#### What the exercise asks
Reproduce only this range: the line holding "helene-thouy-parti-animaliste-celles-qui-osent-CQO" through the last line of the data below, both included, exactly, with no pictures.

#### Given data

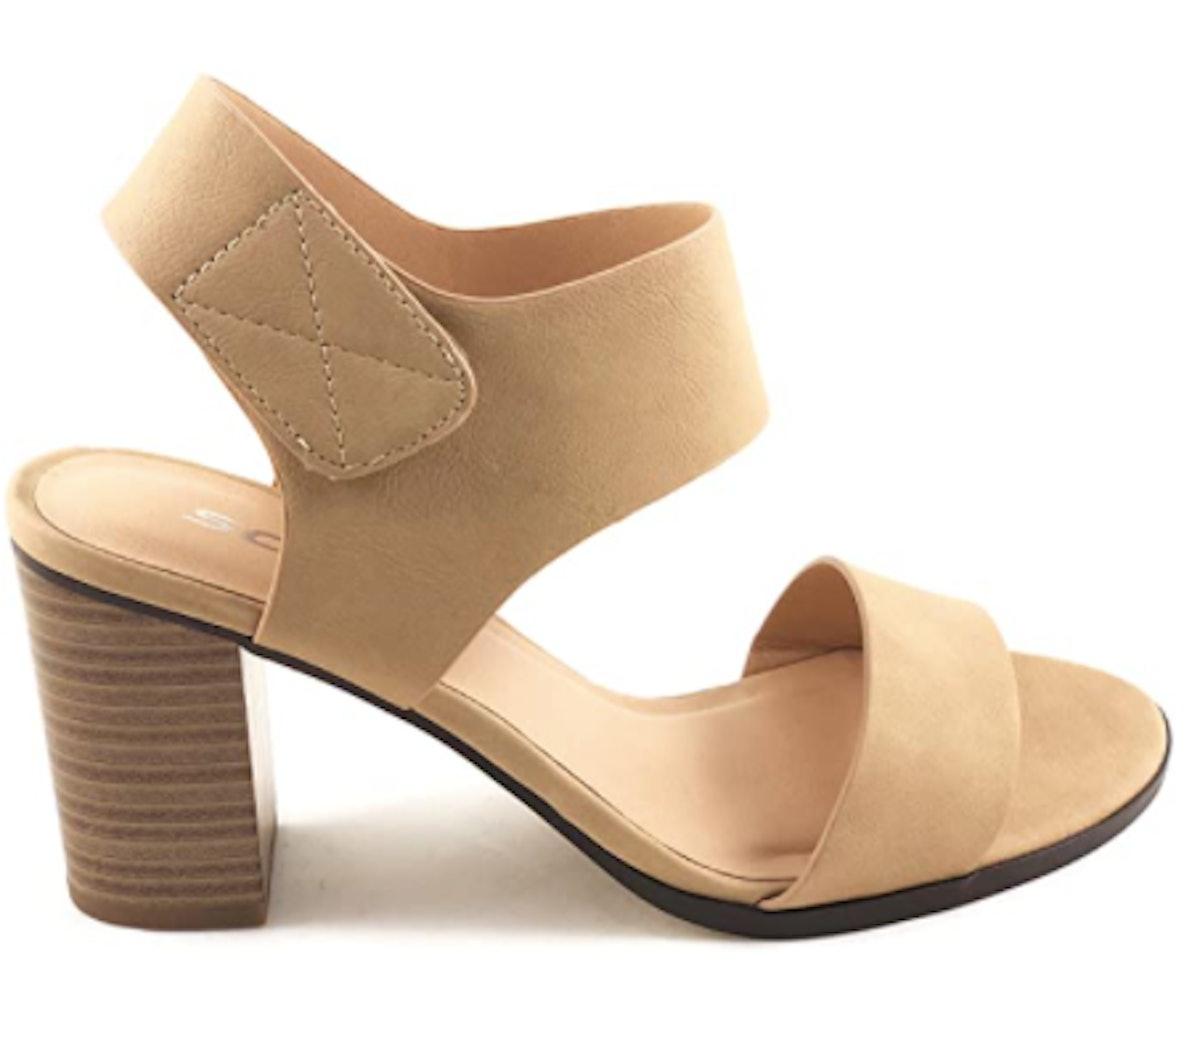 SODA Open Toe Block Heel Dress Sandals
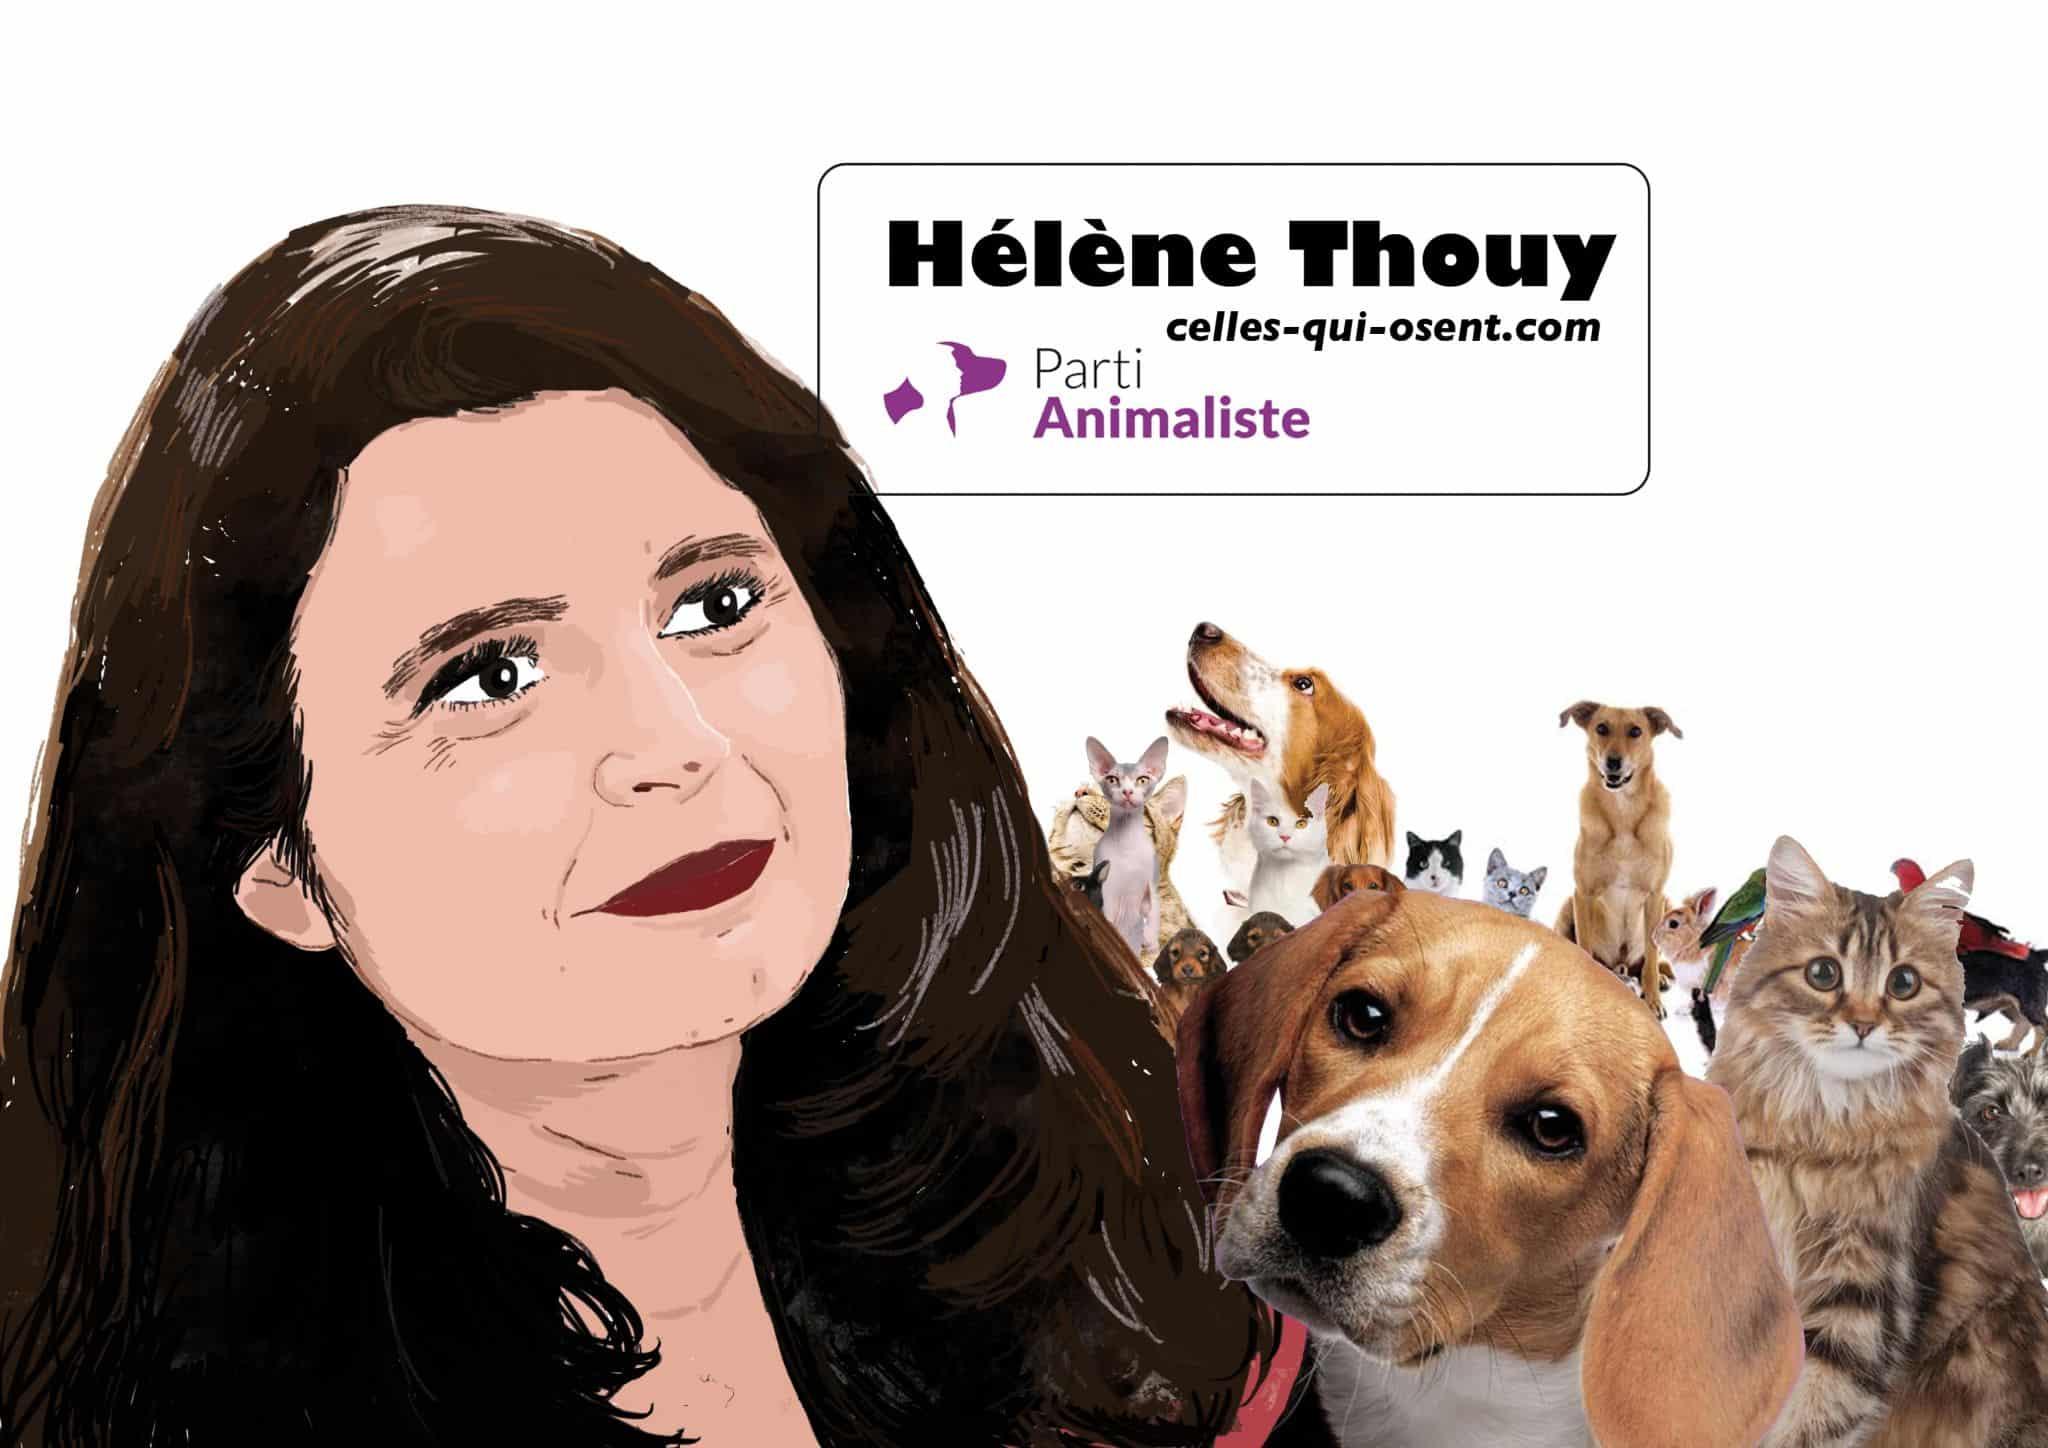 helene-thouy-parti-animaliste-celles-qui-osent-CQO
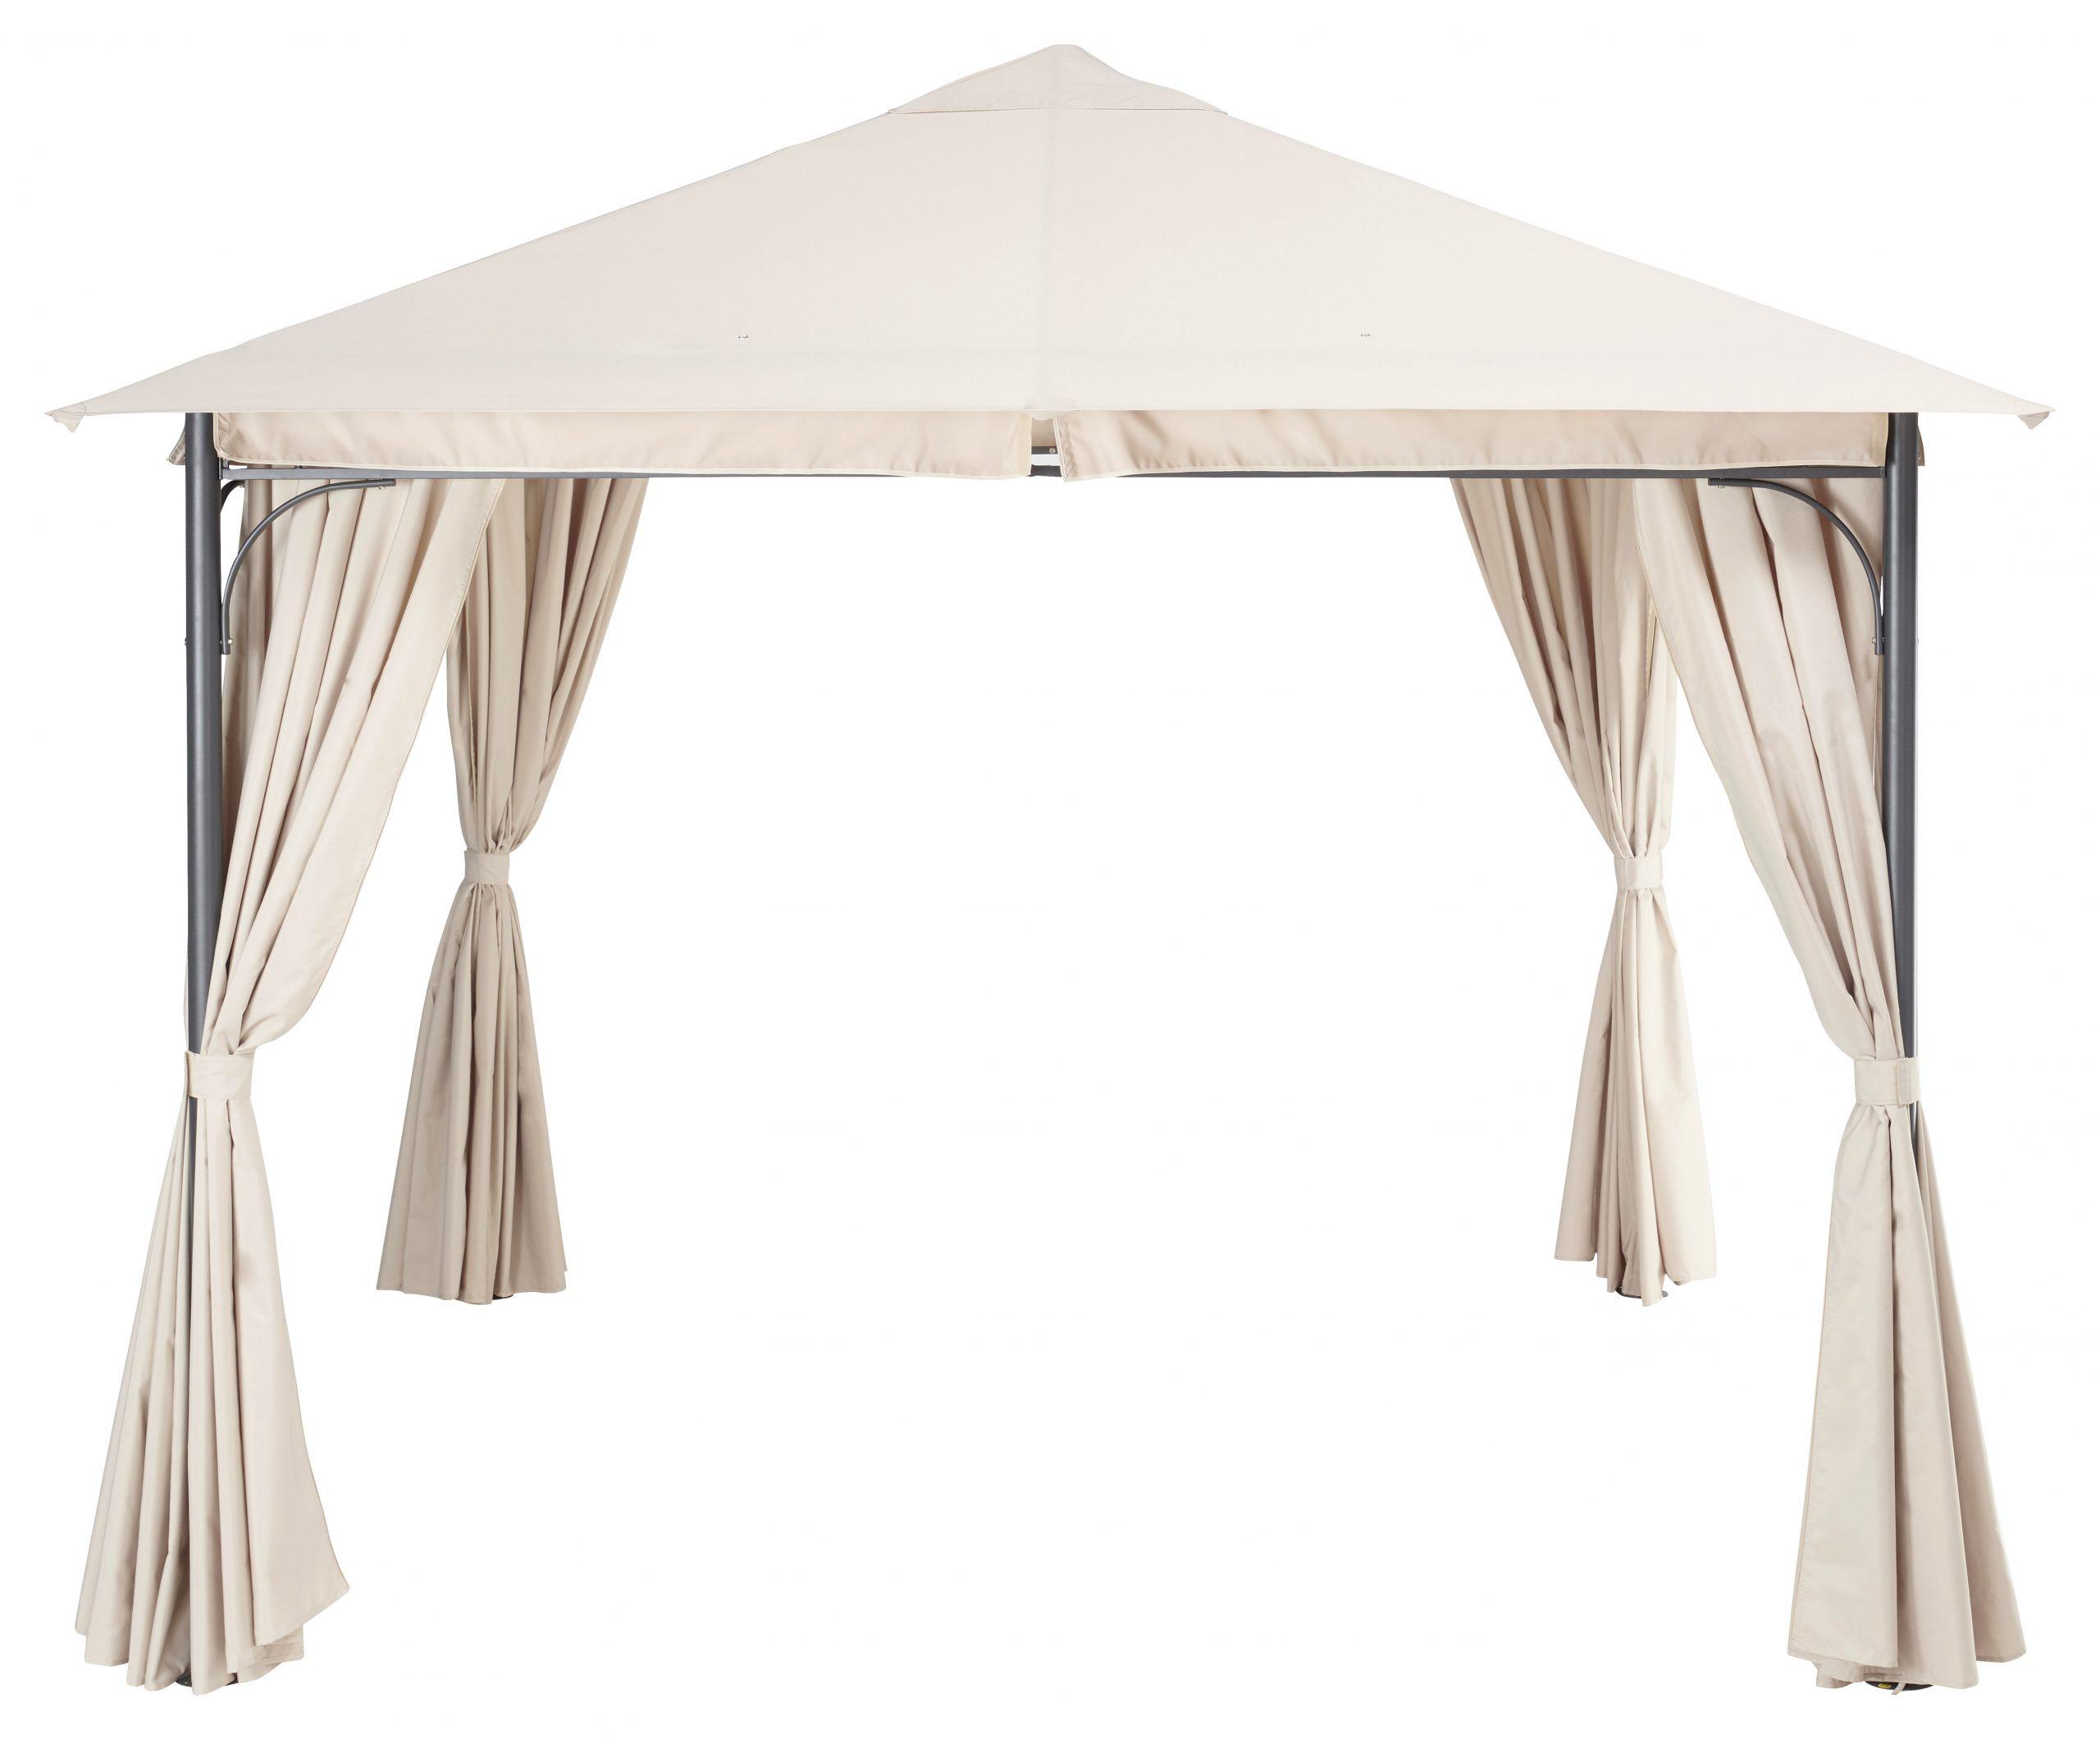 Tenda Carrefour

#### Completed exercise
 helene-thouy-parti-animaliste-celles-qui-osent-CQO
 Tenda Carrefour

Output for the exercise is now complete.